Now, that sounds important, doesn’t it? Except that of course Svensmark has shown nothing of the sort. He has found that cosmic rays may induce the formation of sulphate droplets in a plastic box containing gases simulating the composition of the atmosphere. That’s an interesting result, demonstrating that cosmic rays might indeed affect cloud formation. It’s certainly worth publishing in the Proceedings of the Royal Society. The next step might be to look for ways of investigating whether the process works in the real atmosphere (and not just a rough lab simulacra of it). And then whether it does indeed lead to the creation of cloud condensation nuclei (which these sulphate droplets are not yet), and then to clouds. And then to establish whether there is in fact any record of increased cosmic-ray flux over the twentieth century. (We can answer that already: it’s been measured for the past 50 years, and there is no such trend.) And then whether there is evidence of changes in low-altitude cloudiness of the sort Svensmark’s idea predicts. And if so, whether it leads to the right predictions of temperature trends in climate models. And then to try to understand why the theory predicts a stronger daytime warming trend, whereas observations show that it’s stronger at night.

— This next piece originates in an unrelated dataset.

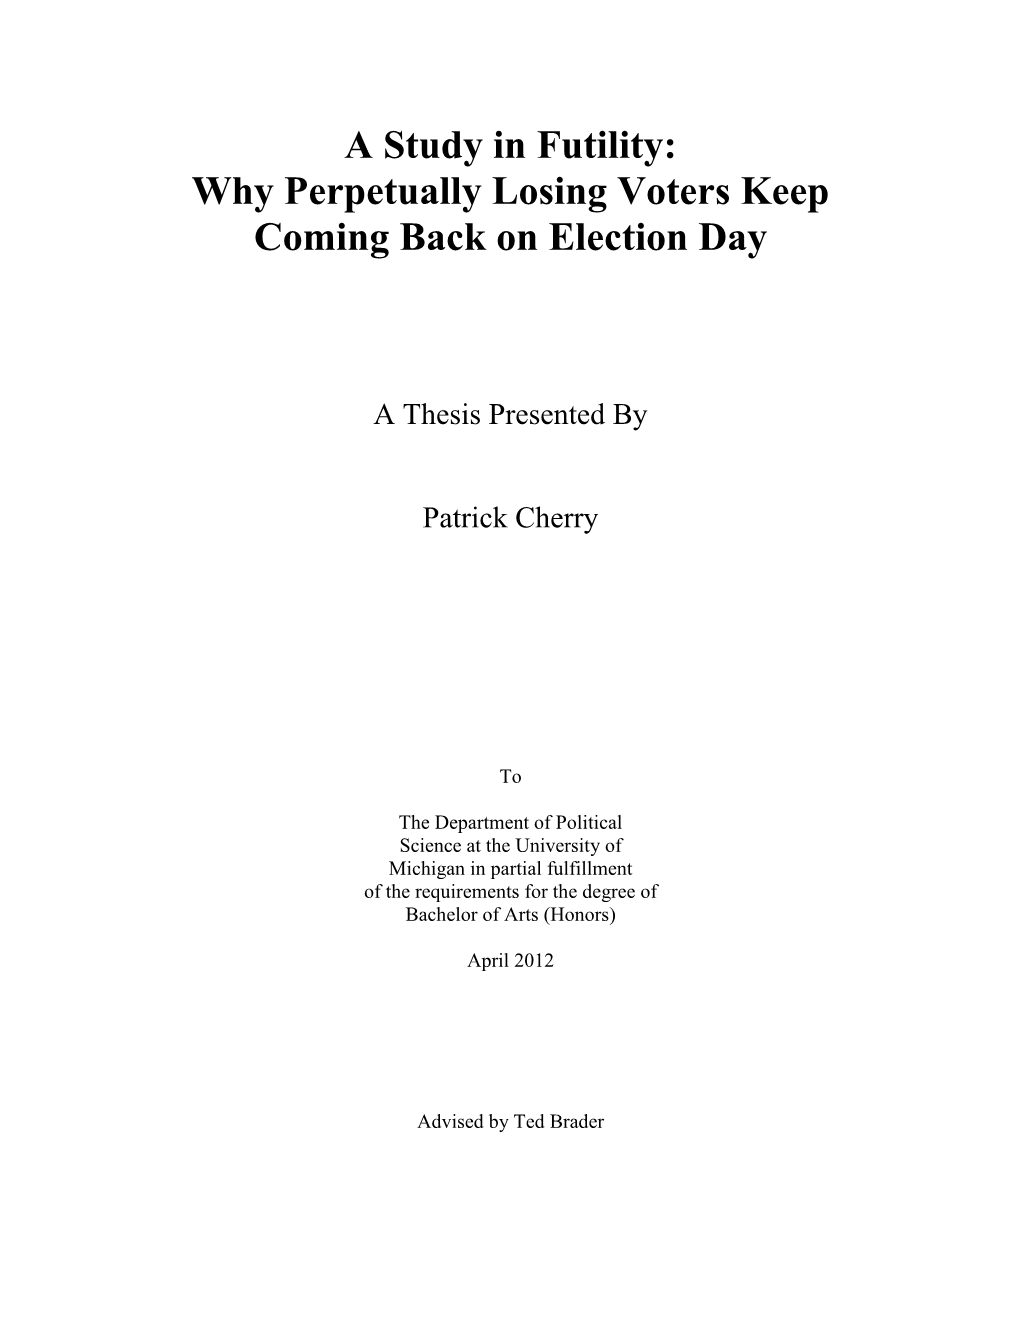 A Study in Futility: Why Perpetually Losing Voters Keep Coming Back on Election Day
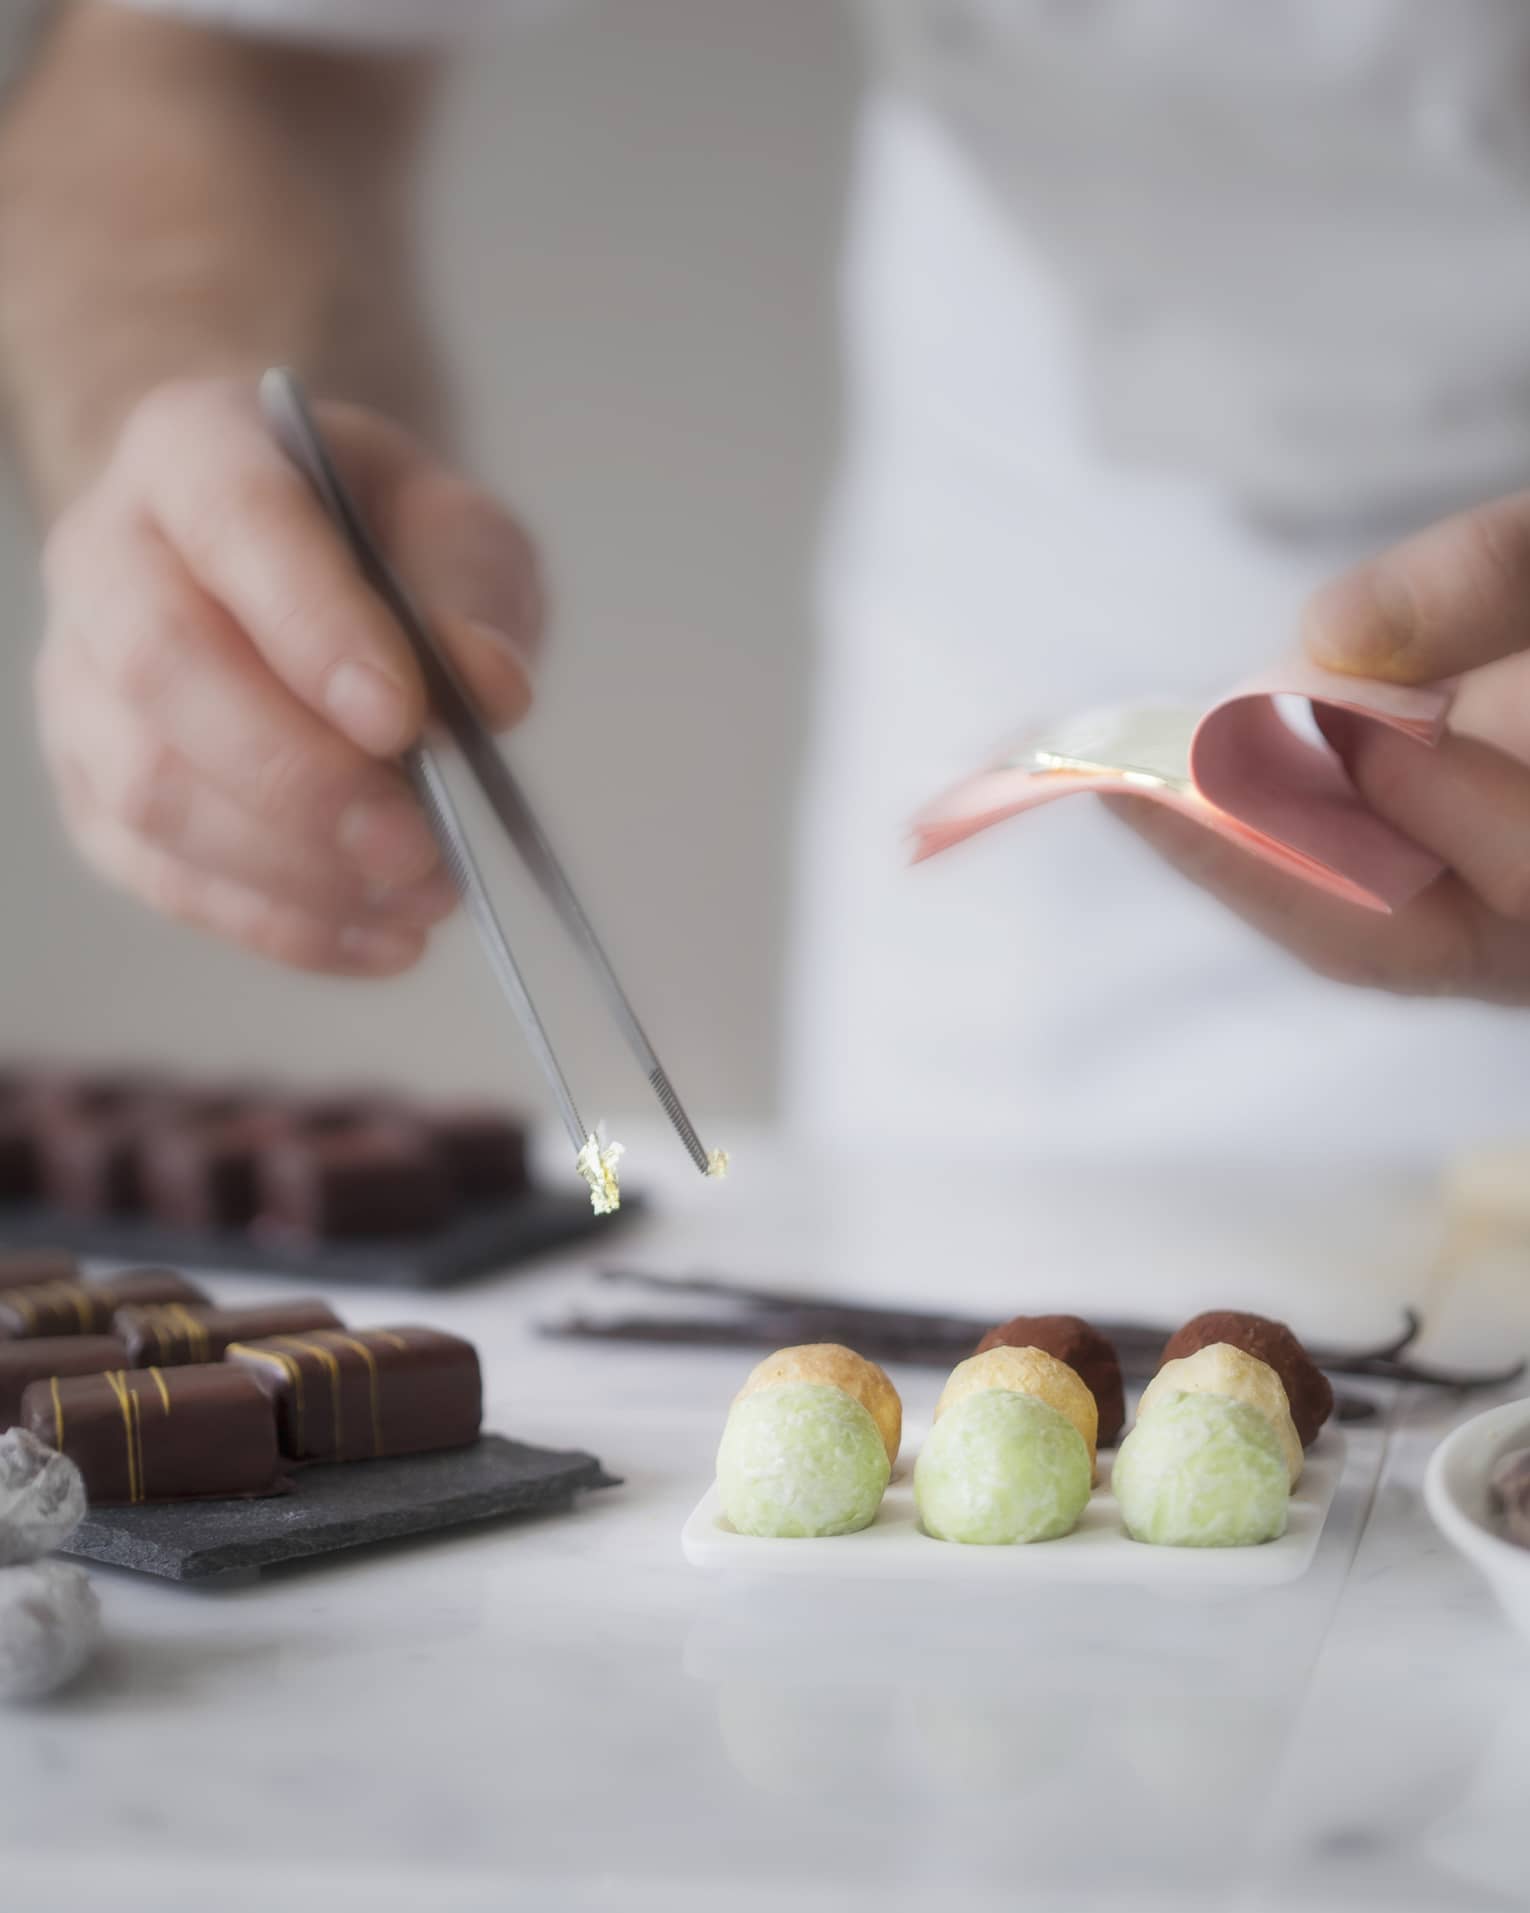 A close up of a male chef's hands using tongs to place various chocolates on parchment paper

But that’s all nitpicking, surely, because in Lea’s view this new result “seriously challenges the current pseudo-consensus that global warming is largely caused by manmade carbon emissions.” Like most climate-change sceptics, Lea clearly feels this consensus is pulled out of a hat through vague and handwaving arguments, rather than being supported by painstaking comparisons of modelling and observation, such as the identification of a characteristic anthropogenic spatial fingerprint in the overall warming trend. It is truly pitiful.

“I am no climate scientist”, says Lea. (I take it we could leave out “climate” here.) So why is she commenting on climate science? I am no ballet dancer, which is why, should the opportunity bizarrely present itself for me to unveil my interpretation of Swan Lake before the nation, I will regretfully decline.

Simon Jenkins has recently argued in the Guardian that science should not be compulsory beyond primary-school level. I don’t think we need be too reactionary about his comments, though I disagree with much of them. But when a director of a ‘policy research centre’ shows such astonishing ignorance of scientific thinking, and perhaps worse still, no one on a national newspaper’s editorial or production team can see that this is so (would the equivalent historical ignorance be tolerated, say?), one has to wonder whether increasing scientific illiteracy still further is the right way to go. In fact, the scientific ignorance on display here is only the tip of the iceberg. The real fault is a complete lack of critical thinking. There are few things more dangerous in public life than people educated just far enough to be able to mask that lack with superficially confident and polished words.

But it’s perhaps most surprising of all to see someone in ‘policy research’ fail to understand how a government should use expert opinion. If there is a scientific consensus on this question, what does she want them to do? The opposite? Nothing? A responsible government acts according to the best advice available. If that advice turns out to be wrong (and science, unlike politics, must always admit to that possibility), the government nevertheless did the right thing. If this Policy Research Centre actually has any influence on policy-making, God help us.